西格尔有充分的理由怀疑卡鲁格是一个法师,假扮成巫祭的样子,和自己的情况类似。也许他的伪装用来欺骗兽人战士足够了,但在另一个法师面前却还不够精巧。不像西格尔,由于没有法术材料包,再加上一直用血魔法术中的诅咒类咒语,所以从西格尔身上很难看出法师的特征。反观“卡鲁格”,也许他注意到魔杖会暴露身份而不会使用,法术材料包也不携带在身上,但是西格尔还是敏锐地发现了。
那么这个“卡鲁格”的目的是什么呢?为什么会找上自己?西格尔一边走一边思考。找两个问题中,为什么找西格尔比较容易推测。在卡鲁格是个法师的假设下,他肯定会担心自己法术的波动被另一个巫祭察觉,从而引起不必要的麻烦。所以他试图让外来的“巫祭”尽快离开,或至少不要再使用巫术以及建立巫术领域。
但是卡鲁格的目的是什么就比较难以推测,西格尔只能从他们之间的谈话中寻找蛛丝马迹。不论怎么掩饰,一个人总会在自己的话语中泄露出线索。为什么他要讲那个狼群的故事?西格尔思索着。乍看起来,他说这个故事的目的是警告西格尔:“这里已经对饥饿的熊有所防范。”但是结合他是一个法师的假设,那么他在故事中其实不算狼群的成员,何来守护狼窝的责任?
‘他想做那只熊!’西格尔灵光一闪,想到了这个可能。自然而然引出下一个问题:‘这人是谁,会不会是联合会的法师,来北方执行特别任务的那些人其中的一个?是不是因为玛卡布嗒被三眼军阀重重包围,所以需要在兽人后方制造大混乱将其引出大本营?’西格尔思路突然变得开阔,一步步把线索串联起来。‘这个和巨龙袭击寒鸦部落类似,趁大部分兽人将军、千夫长在镇子集结的时候发动袭击,起到斩首的效果,调动整个北方的局势。这个计划非常大胆,我要不要揭示身份,去帮帮他呢?’
西格尔停下脚步,好好思考了这个问题。与另一个法师相认的好处立竿见影,施法材料包、魔杖、咒语杖、卷轴,以及可以互相学习魔法的机会。西格尔手头只有血魔法师的法术书,里面的咒语很实用,但是也让他感到难受,毕竟不是所有人都喜欢那么血淋淋的手段。即便只学会一些火球、闪电束和冰雹也好,他的能力已经将低级咒语发挥到极限,必须补充更多的新知识了。他往回走了几步,把林科吓了一大跳,赶忙回过头来追上。
“西格尔,你要去哪?”林科疑惑的问到:“又要进行巫祭之间的会面吗,别做这么危险的事情了,能骗一次已经不错了。”

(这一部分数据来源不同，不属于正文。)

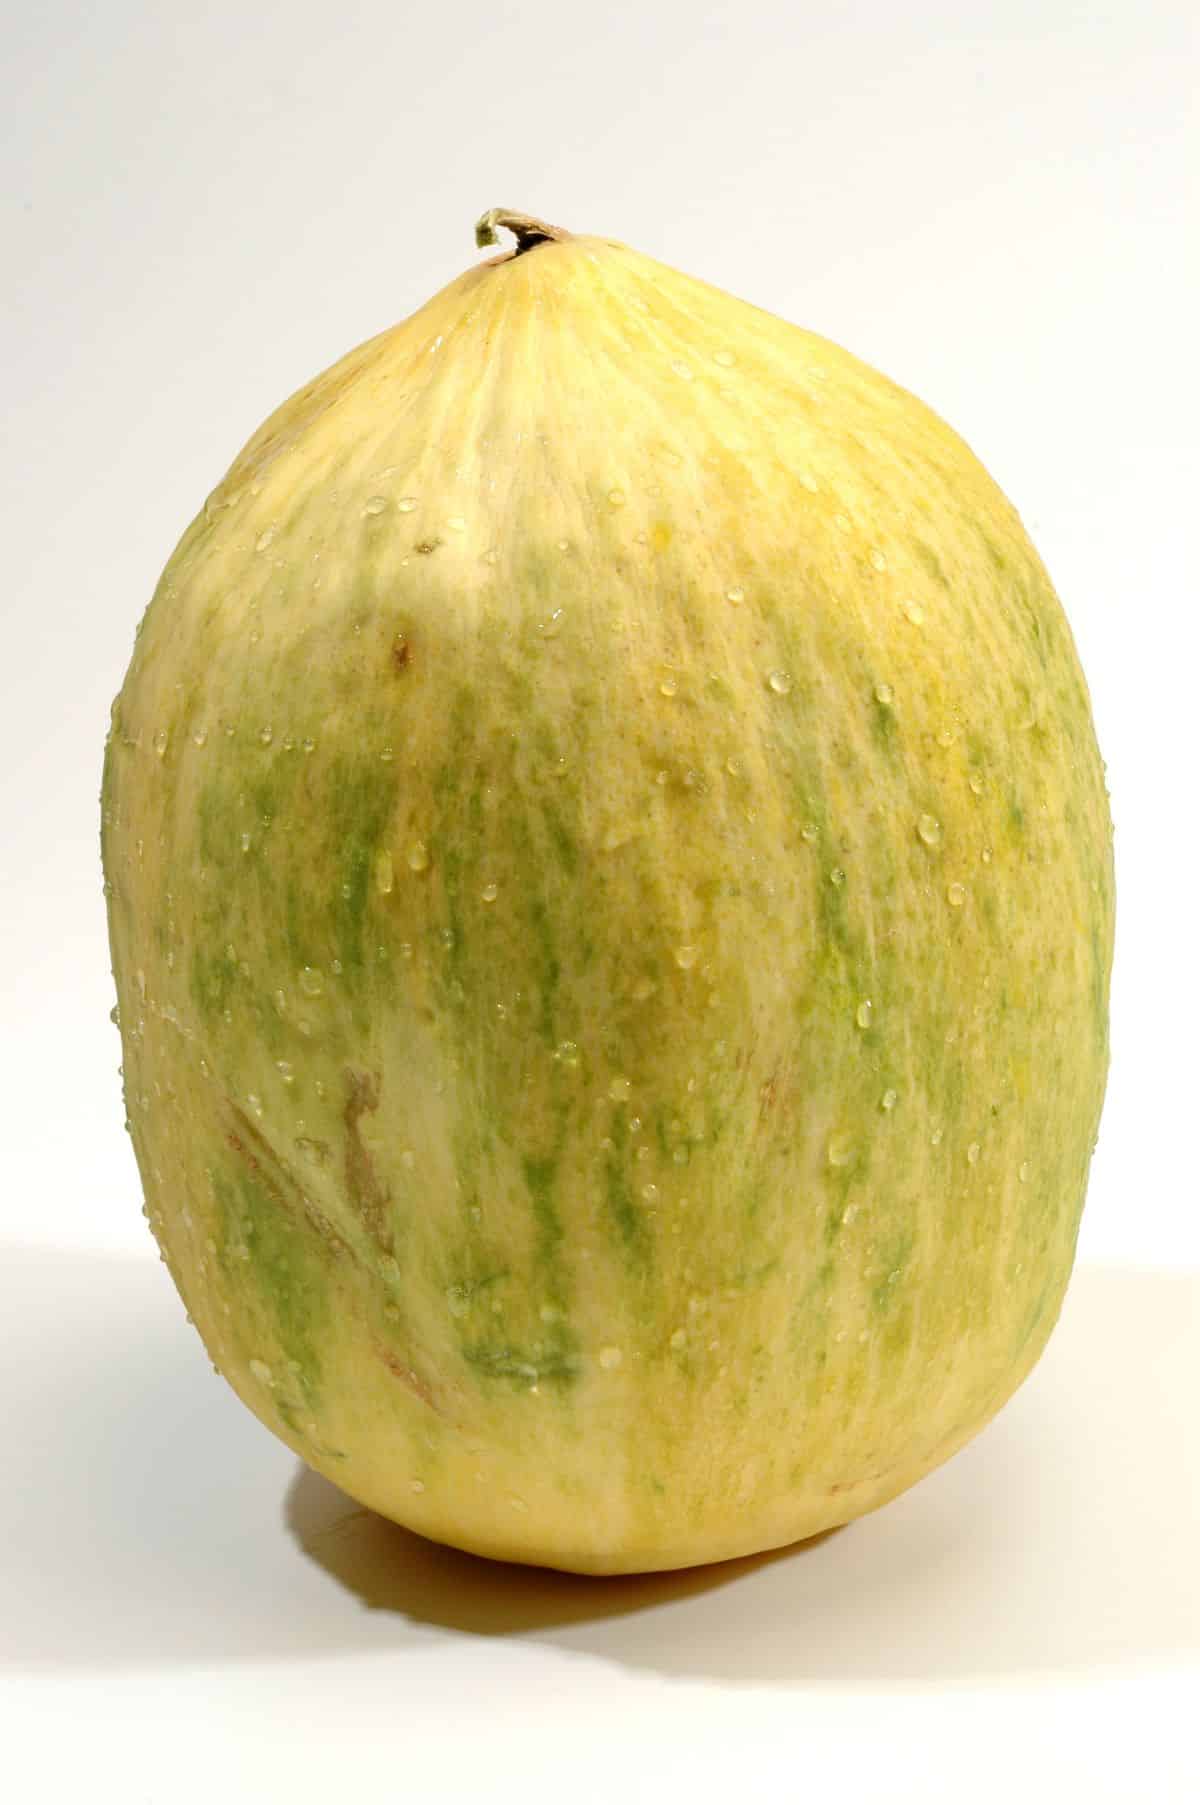 Large Crenshaw melon
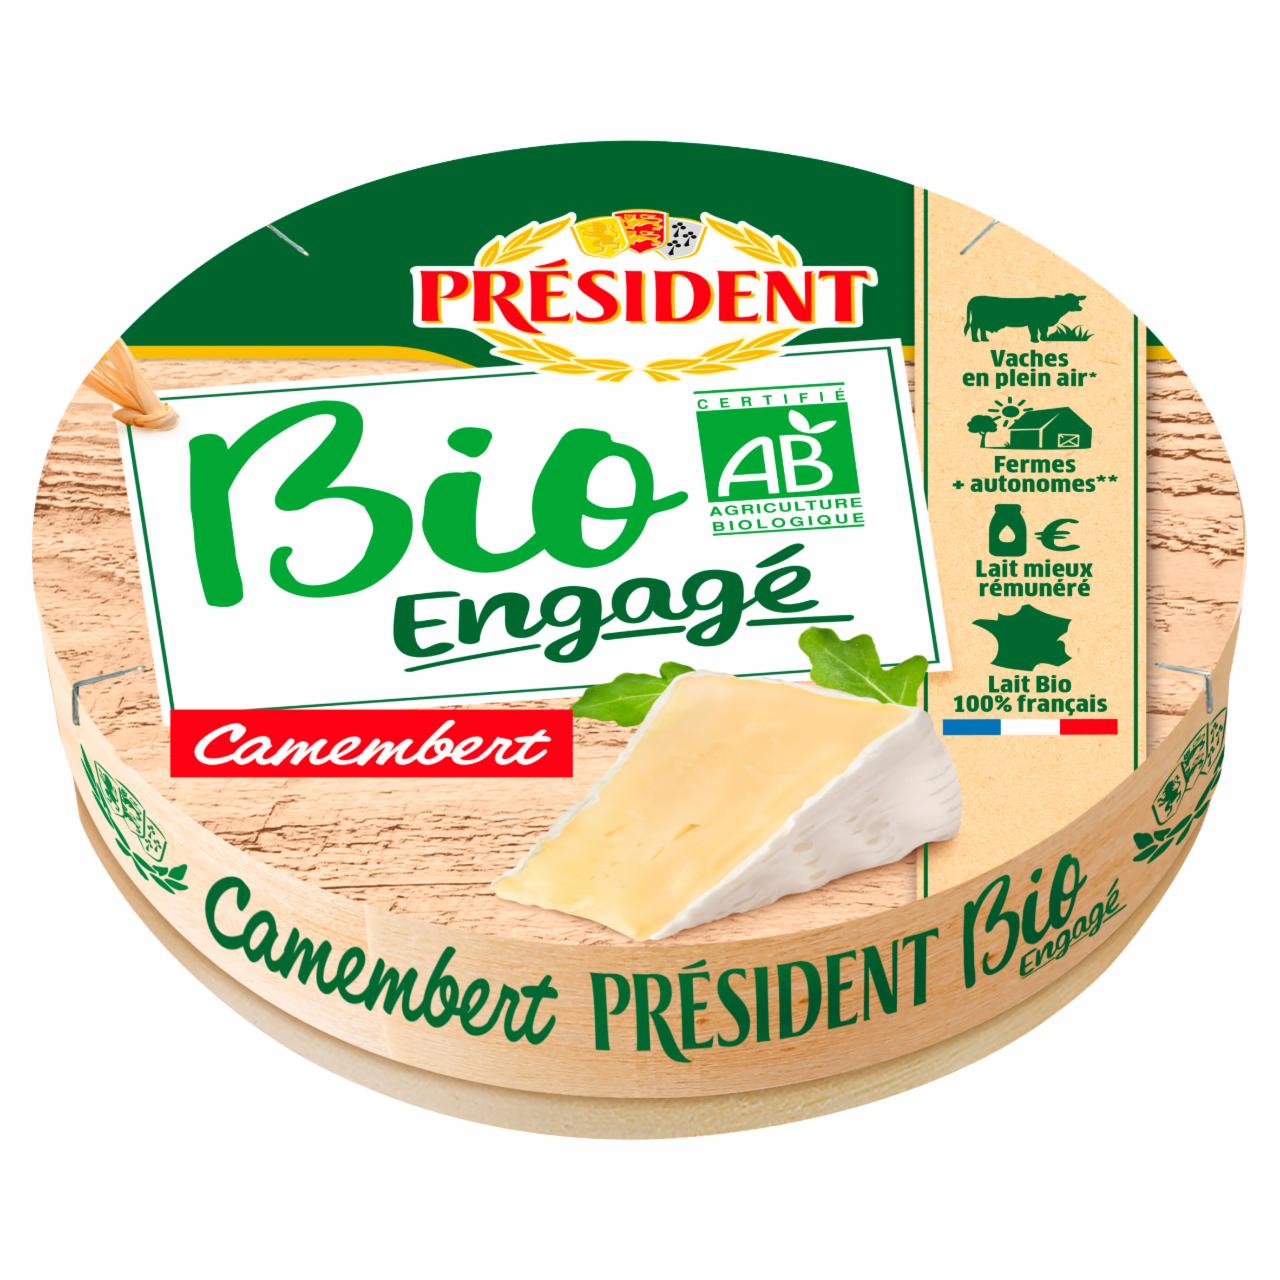 Képek - Président BIO camembert 250 g

西格尔猛地一惊,倒不是因为“欺骗巫祭”,而是突然想到林科之前说过的关于巫祭之间鲜少见面的话。腊肉镇现在的两名巫祭,一天之内两次碰面,会引起将军们的注意的,谁知道会不会导致连锁的影响,给计划增加失败的风险?
小心弄巧成拙,西格尔心想。我又不是真的巫祭,自然不会干扰到他的计划,说不定还可以在暗中帮手,谨慎些没有坏处。所以他又调转方向,返回了住宿的区域。世事就是如此巧合,诺克斯共同会的法师也投鼠忌器,害怕“面具巫祭”发现他的真身,又不敢动手杀掉他——毕竟他孤身一人,没有另一个同伙再次假扮巫祭。如果不是卡卡将军离开了腊肉镇,他也不敢下手除掉卡鲁格巫祭,还用他的身份在镇子里布置陷阱。现在马上就要到收获成果的时候,为谨慎起见,共同会的法师决定暂时先留着西格尔的小命。
还不知道逃过一劫的西格尔回到了住宿区,矛男阿库斯仍就守着他的位置,可以看出这里经历了一场打斗,不过矛男毫发无伤。几个人类奴隶正抬着一具兽人的尸体往外走,一道从肩膀直到腰间的巨大切口让他一命呜呼。西格尔点点头,坐回通铺上,然后让阿库斯过来。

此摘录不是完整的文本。